* [Available data]:
==========

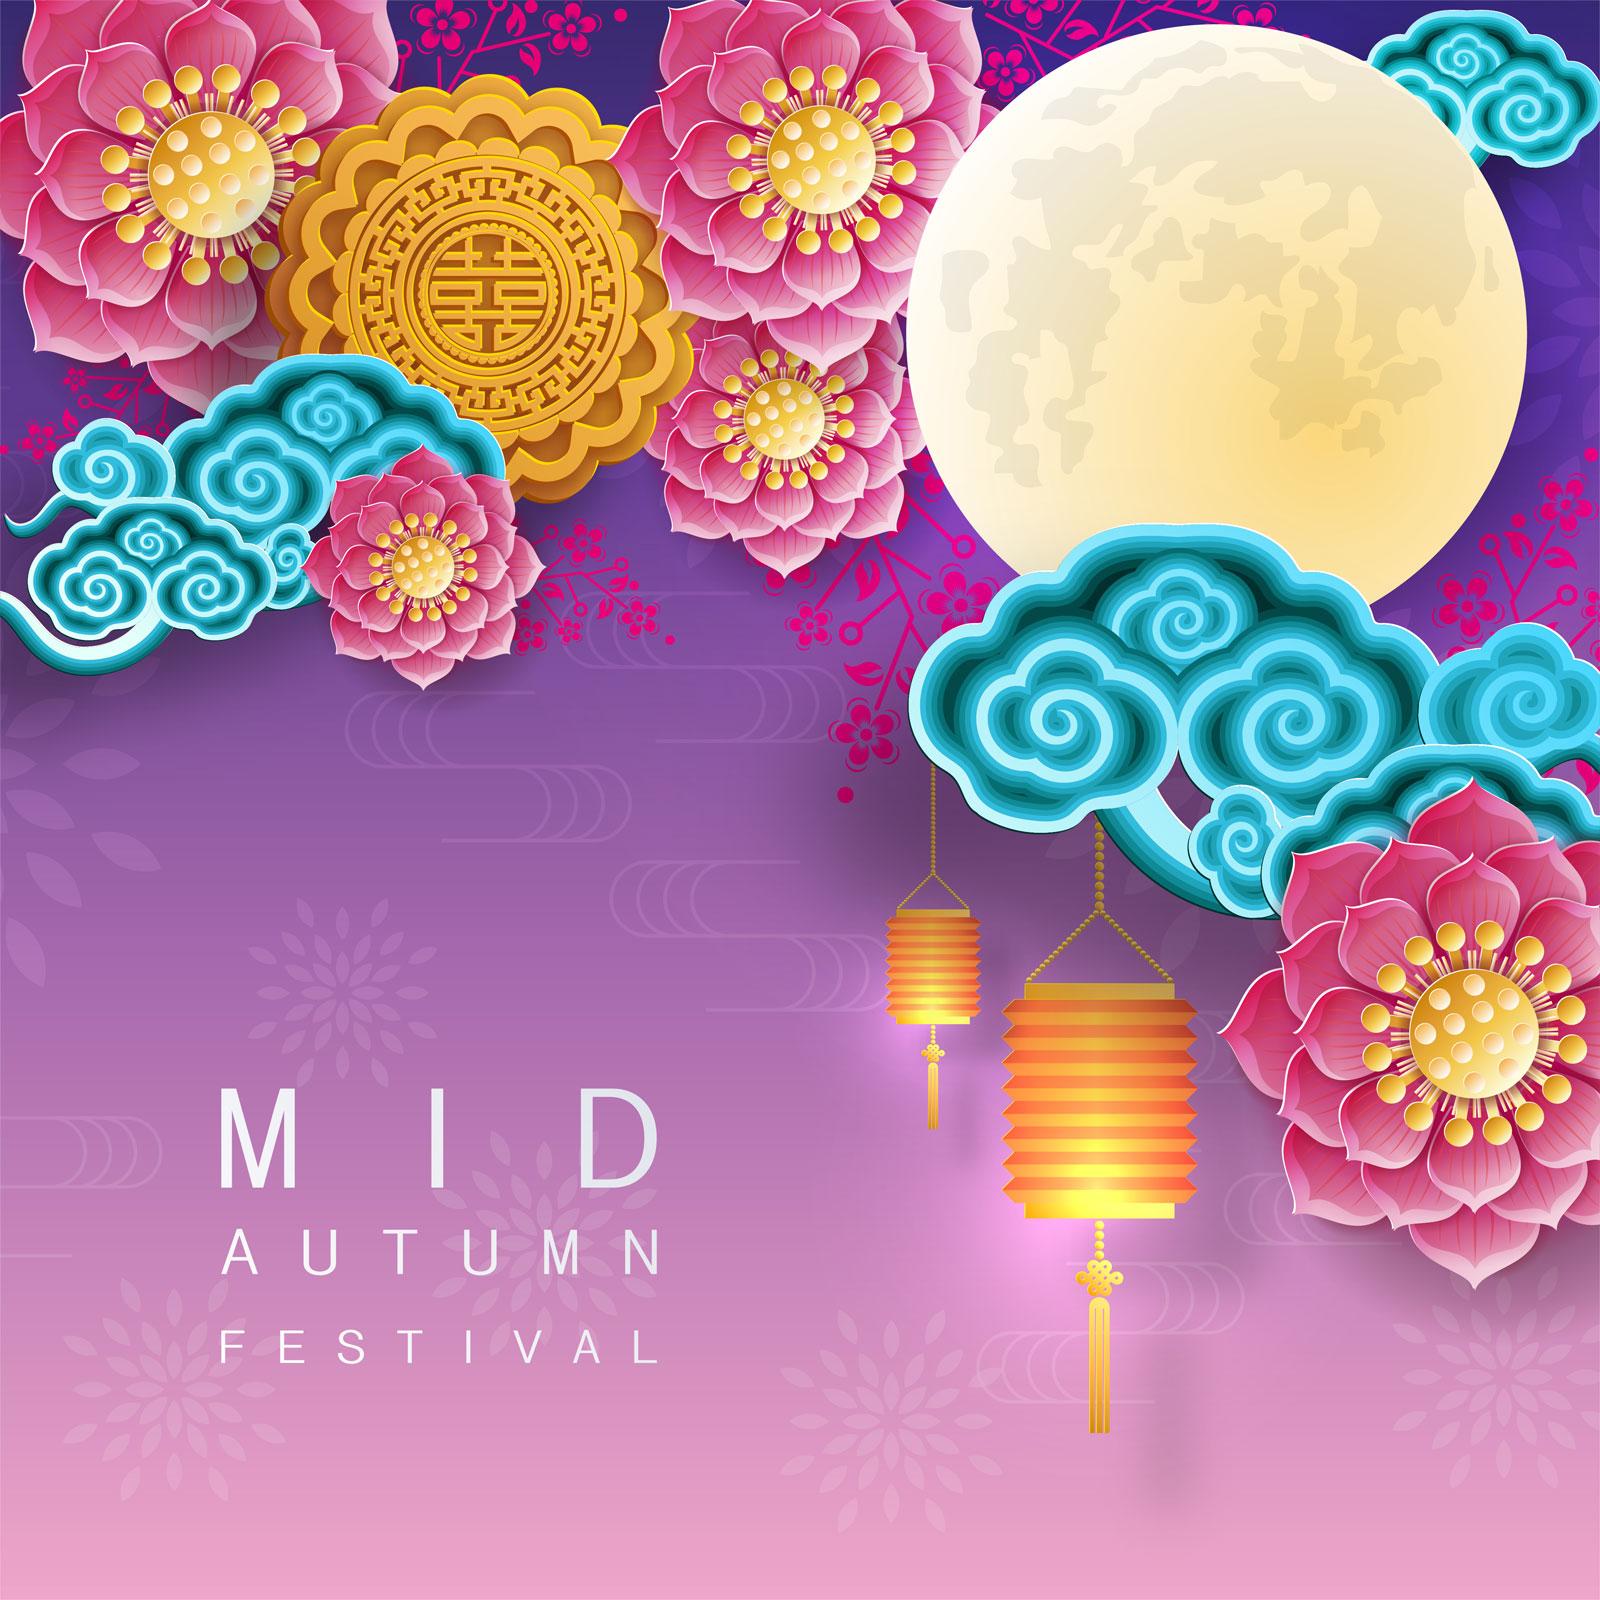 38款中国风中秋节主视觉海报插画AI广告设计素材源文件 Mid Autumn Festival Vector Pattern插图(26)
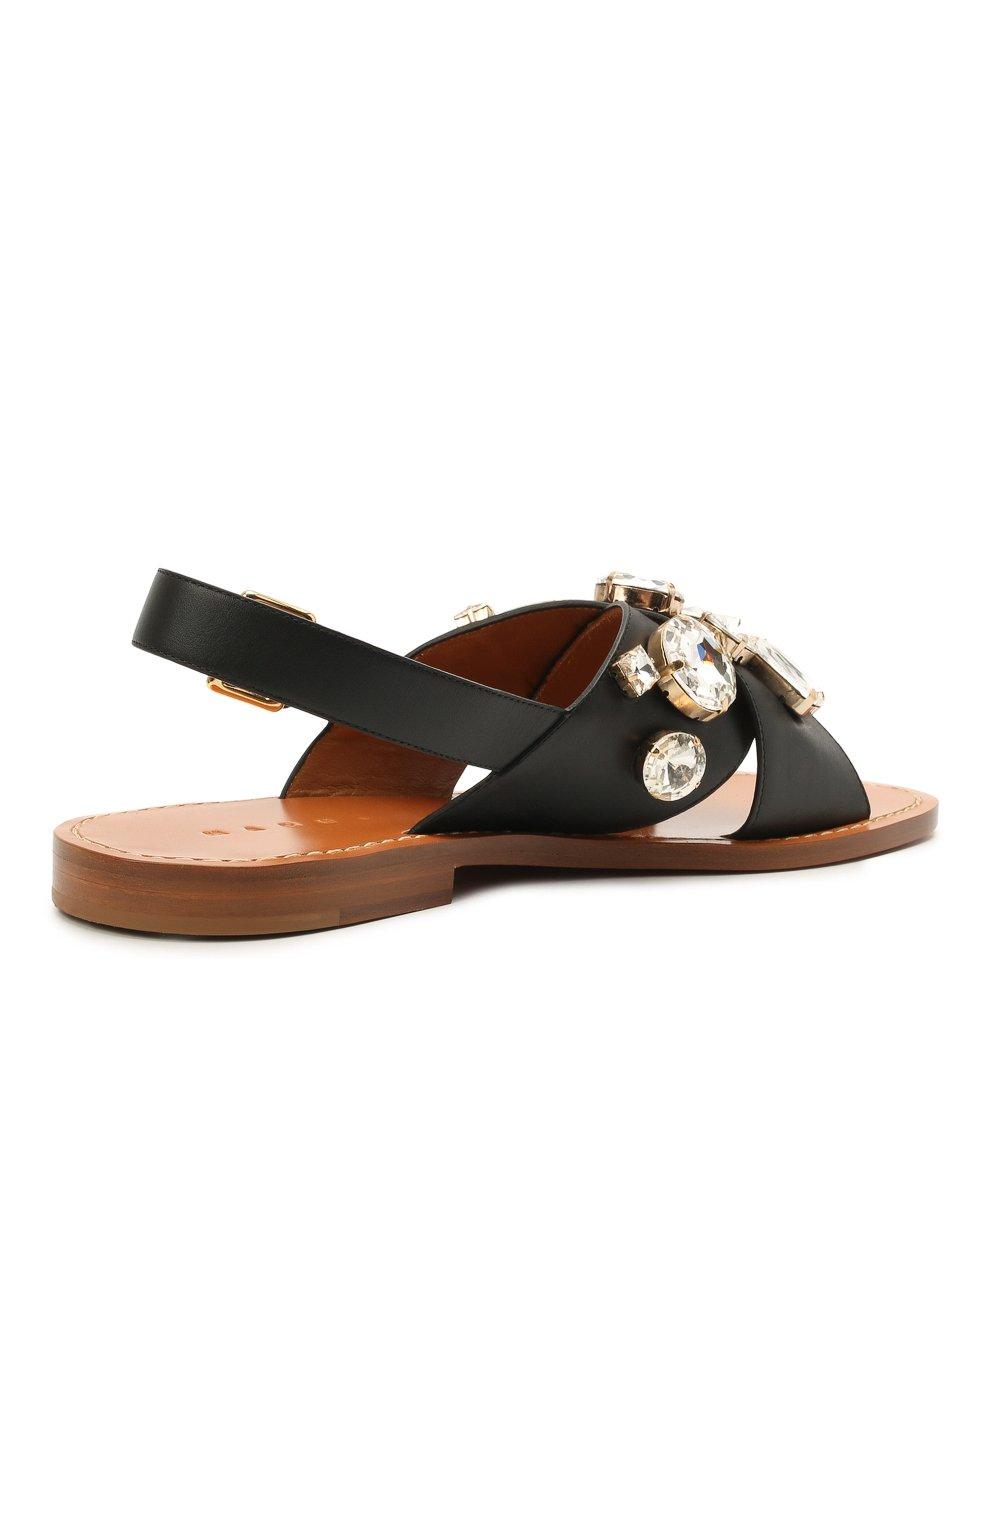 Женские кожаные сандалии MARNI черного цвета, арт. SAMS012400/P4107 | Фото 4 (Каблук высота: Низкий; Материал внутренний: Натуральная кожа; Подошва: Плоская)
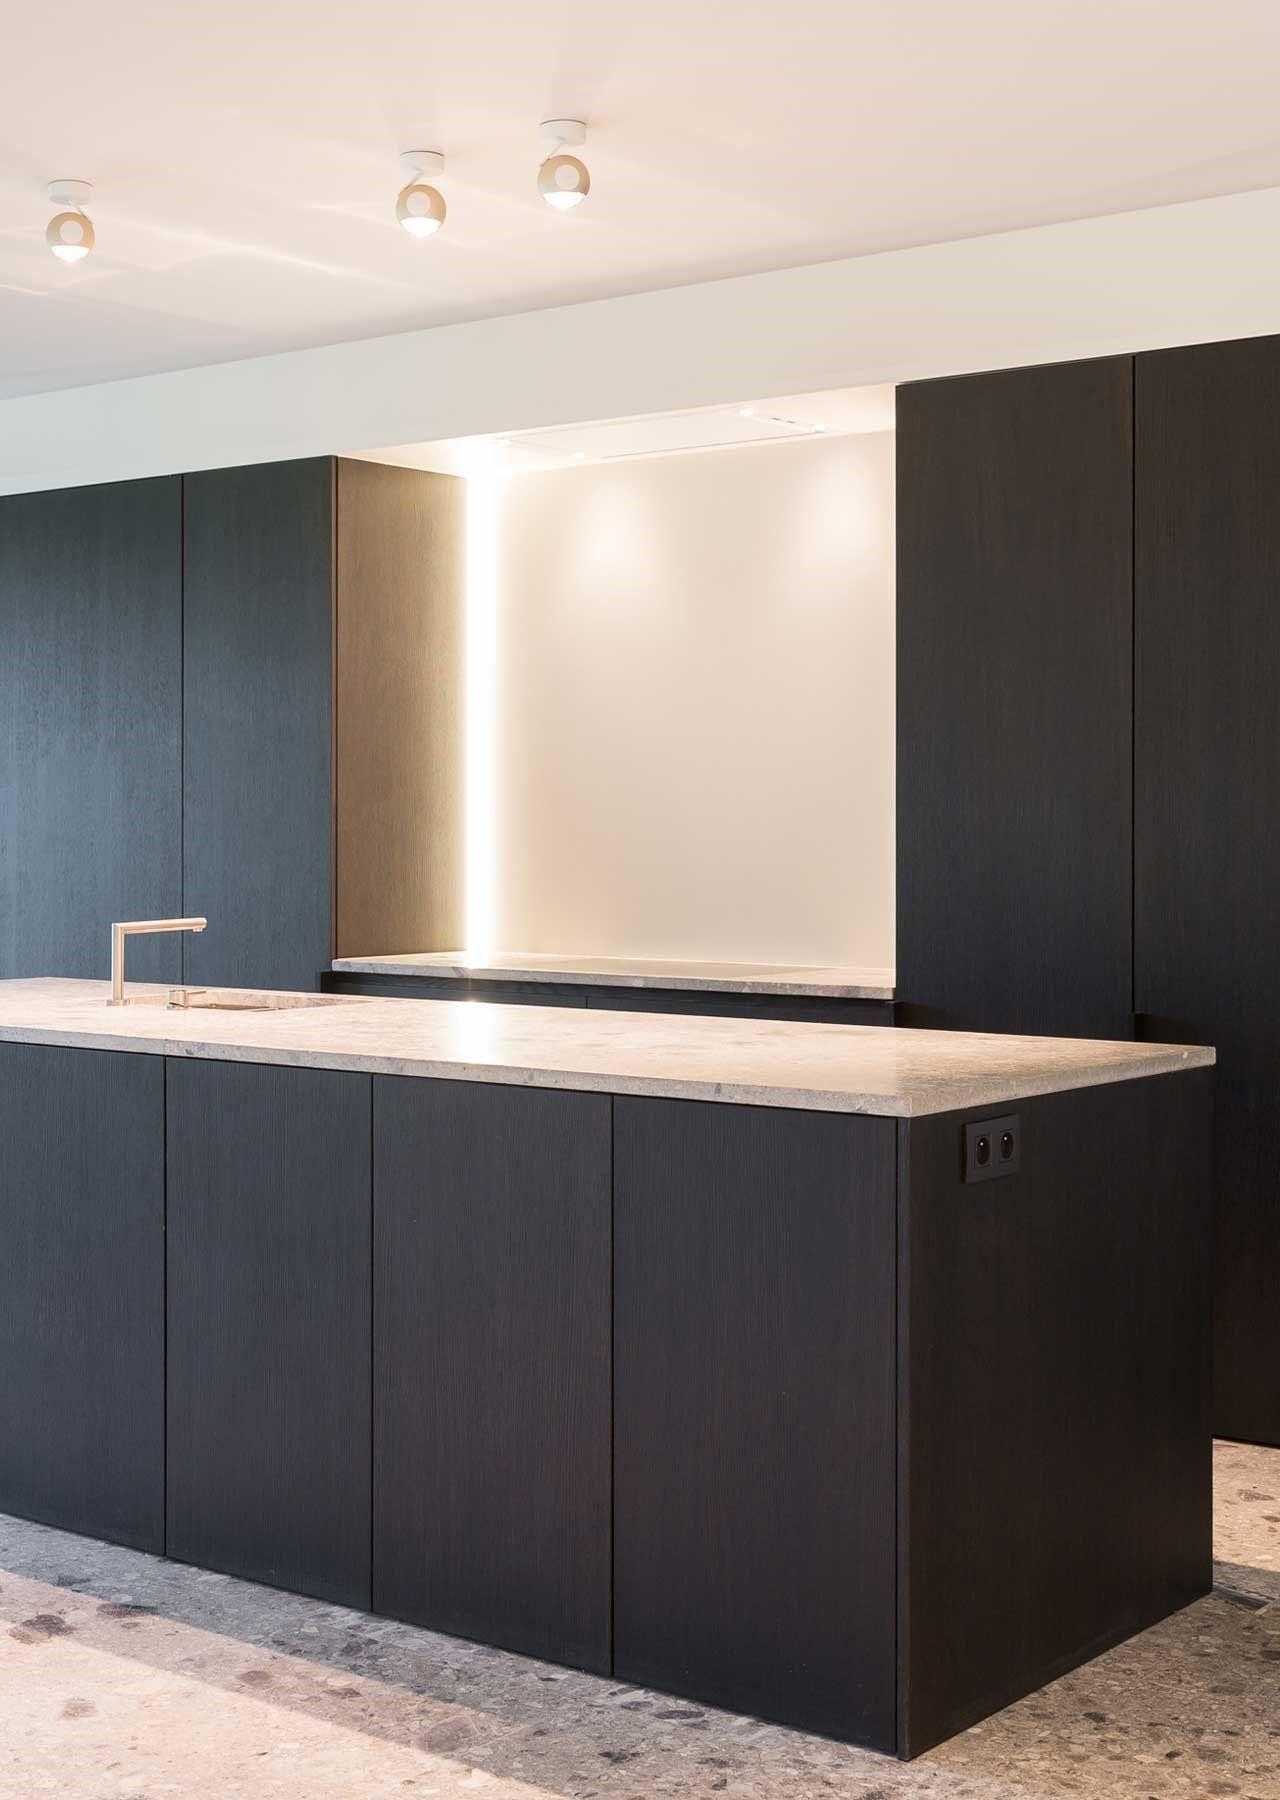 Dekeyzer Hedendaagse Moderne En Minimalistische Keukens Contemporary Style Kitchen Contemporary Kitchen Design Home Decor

==========

* [Instructions for the task]: Transcribe exactly, and only, the lines from the one with "Женские кожаные сандалии" through the final line of the data above. The pictures stay out.

* [Task result]:
 Женские кожаные сандалии MARNI черного цвета, арт. SAMS012400/P4107 | Фото 4 (Каблук высота: Низкий; Материал внутренний: Натуральная кожа; Подошва: Плоская)
 Dekeyzer Hedendaagse Moderne En Minimalistische Keukens Contemporary Style Kitchen Contemporary Kitchen Design Home Decor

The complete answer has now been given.